Находясь в Египте, Сахаров два-три раза в неделю ездил в Каир либо по поручению Сбирунова, либо по делам консульства. Окончив дела в посольстве, он обычно оставался на ночь у друзей. Чаще всего он беседовал с сотрудниками КГБ Геннадием Еникеевым и Валентином Поляковым; с заведующим реферативным отделом МИДа Иваном Игнатченко и блестящим советским арабистом Сергеем Аракеляном, которого Насер боготворил и использовал как своего личного переводчика. Во время этих встреч Сахаров узнавал о том, что действительно происходило за всей этой официальной напыщенностью и позерством, столь свойственным ближневосточным событиям. Его друзья рассказывали, что советские пилоты, летающие на МИГах с египетскими опознавательными знаками, погибали в воздушных боях. Однажды, во время пребывания в Каире, он видел, как туда привезли тела двух русских летчиков, сбитых израильскими "Фантомами", и как их жены плакали над их гробами. Аракелян рассказал ему также о тайных поездках Насера в Москву и о его переговорах в Кремле.
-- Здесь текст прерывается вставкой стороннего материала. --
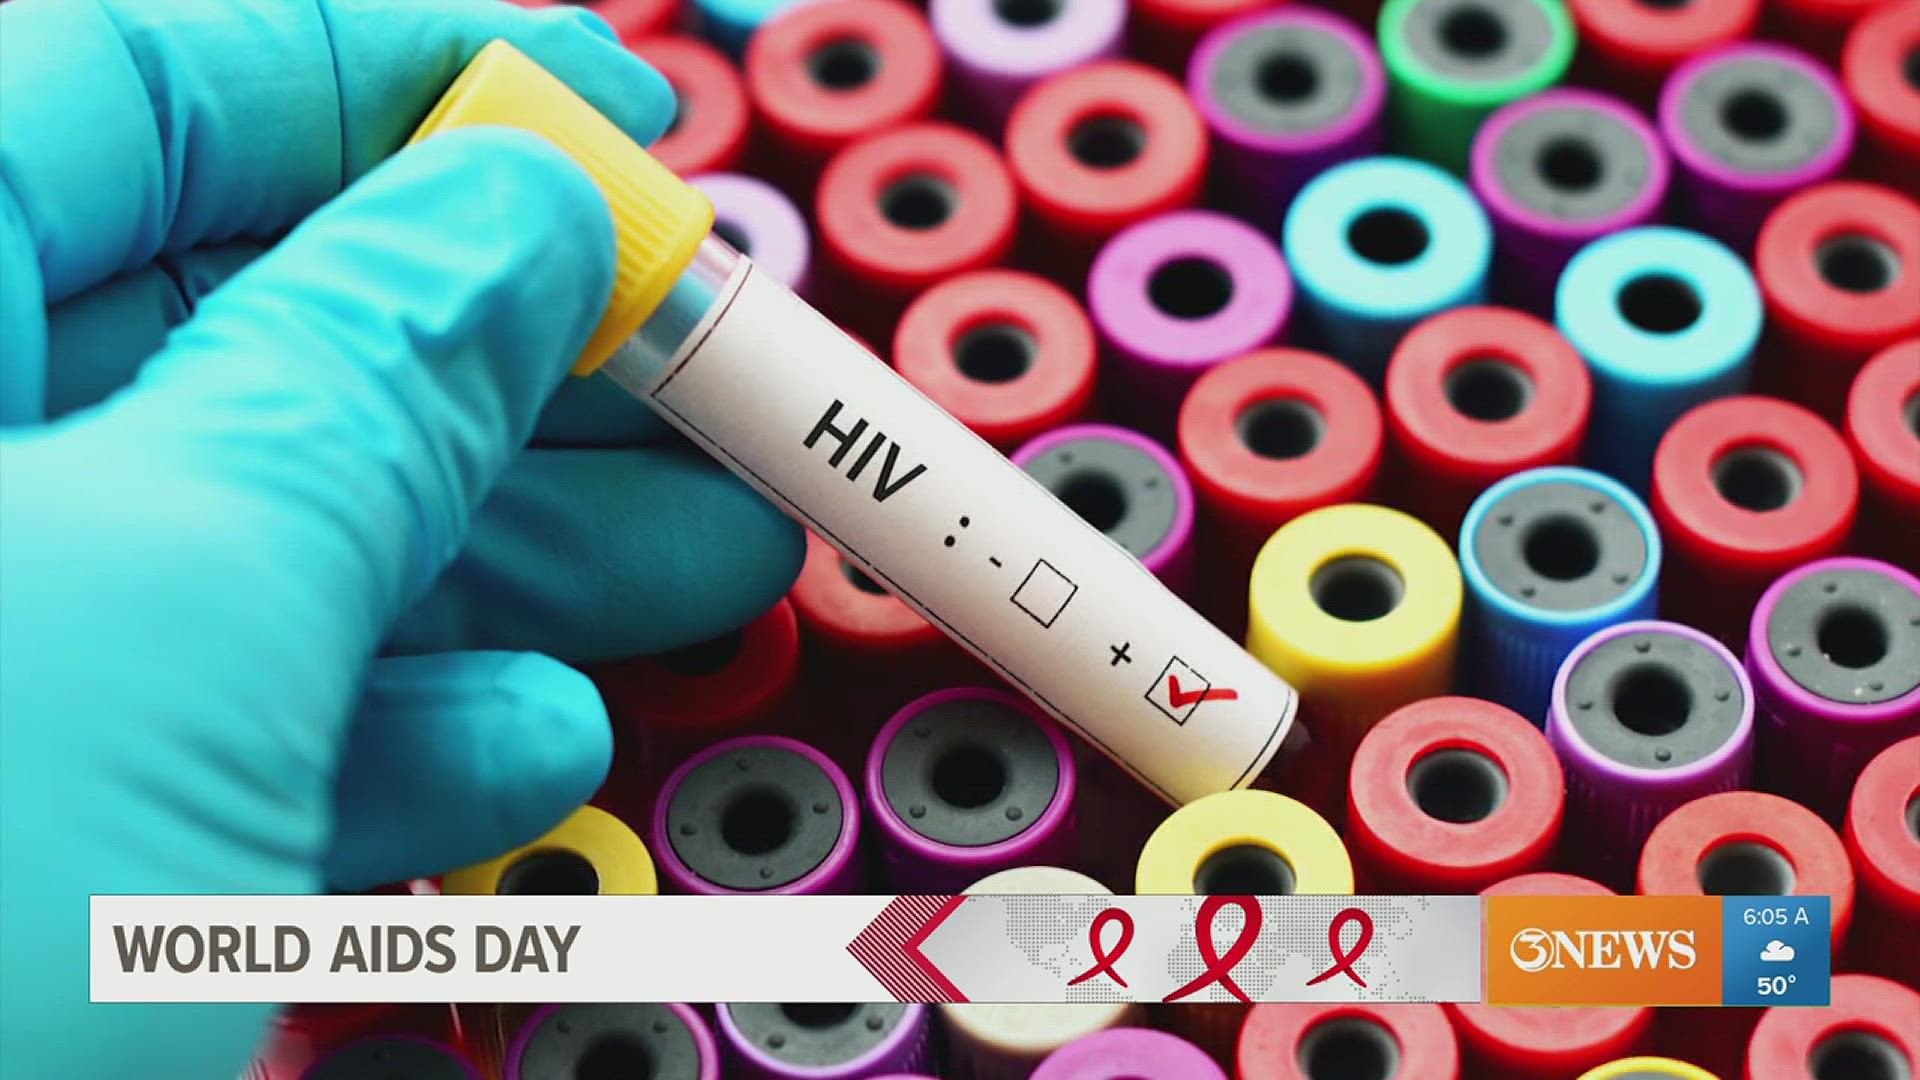 World AIDS Day is commemorated on December 1st and raises awareness on stopping the spread of HIV

Однако больше всего он узнавал от Сбирунова, своего начальника по КГБ, соседа и партнера по выпивкам в Александрии. Обычно резидент был мало разговорчив, но иногда он поддавался порыву, желая произвести впечатление на людей своей осведомленностью о некоторых секретах. Однажды поздно вечером, весной 1969 года, попивая шотландское виски, Сахаров выразил удивление по поводу того, что КГБ не раскрыл израильских приготовлений к молниеносной атаке в июне 1967 года.